A common pattern in Rust is to use an inner function with fewer generic inputs to contain most of the outer function's implementation without the cost of monomorphization.
fn with_str(s: impl AsRef<str>) {
fn inner(s: &str) {
// lots of code
}
inner(s.as_ref());
}
This pattern feels pretty "noisy" and easy to resist. It adds a level of indentation to the entire function. Long function signatures have to be basically repeated. And the "first" line is (conventionally) moved to the bottom.
My understanding is that using a closure serves the same purpose, but Rust is currently not very efficient at reducing inherited generics in closures. (?) And closures mostly still have the same issues stated above.

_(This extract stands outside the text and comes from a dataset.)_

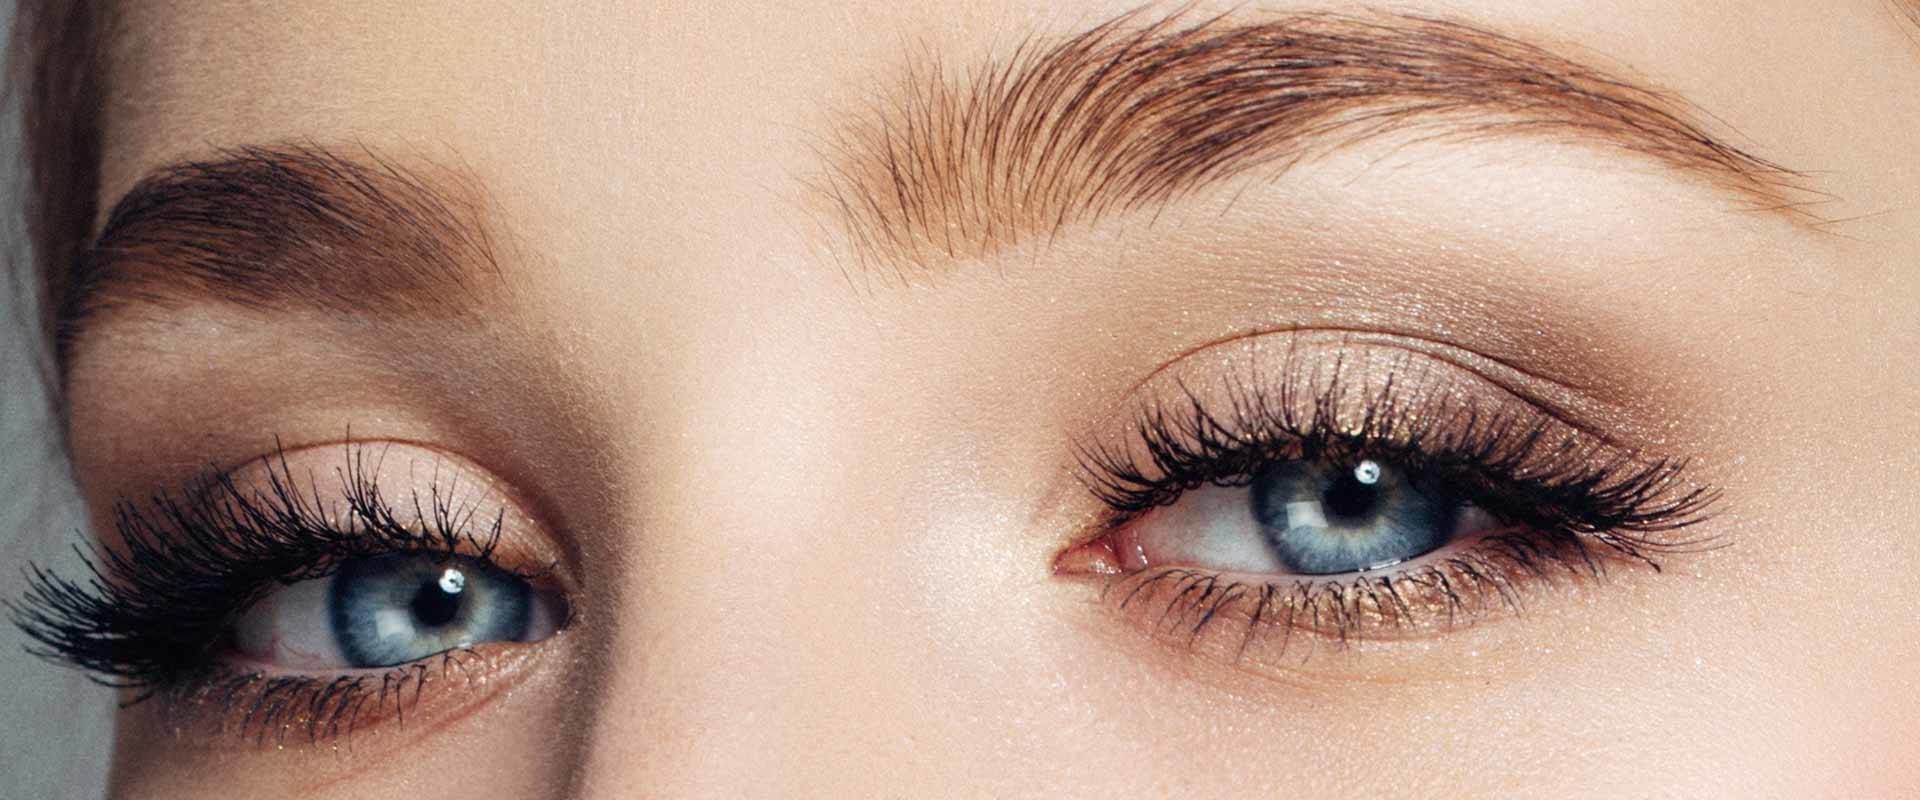 What are wispy eyelashes?

My idea is to create a syntactic sugar for this:
fn with_str(s: impl AsRef<str>) {
let s = s.as_ref();
fn_boundary! // (straw man)
dbg!(s);
// lots of code
}
You can put the marker fn_boundary!
anywhere as a statement. The remainder of the block "captures" the environment through a generated function invocation. You're code can be written in normal execution order and you don't have to write a function signature or add indentation. I suppose you could add attributes to the marker and they will be on the generated function.
And it isn't just useful for generics. There are scenarios where the first one or two lines of code are a good candidate to be inlined independently.
Maybe it is equivalent to wrapping the remainder with move || {..}()
. And so maybe this could be a proc macro, but would a compiler feature be significantly faster? I'd like to hear more informed opinions.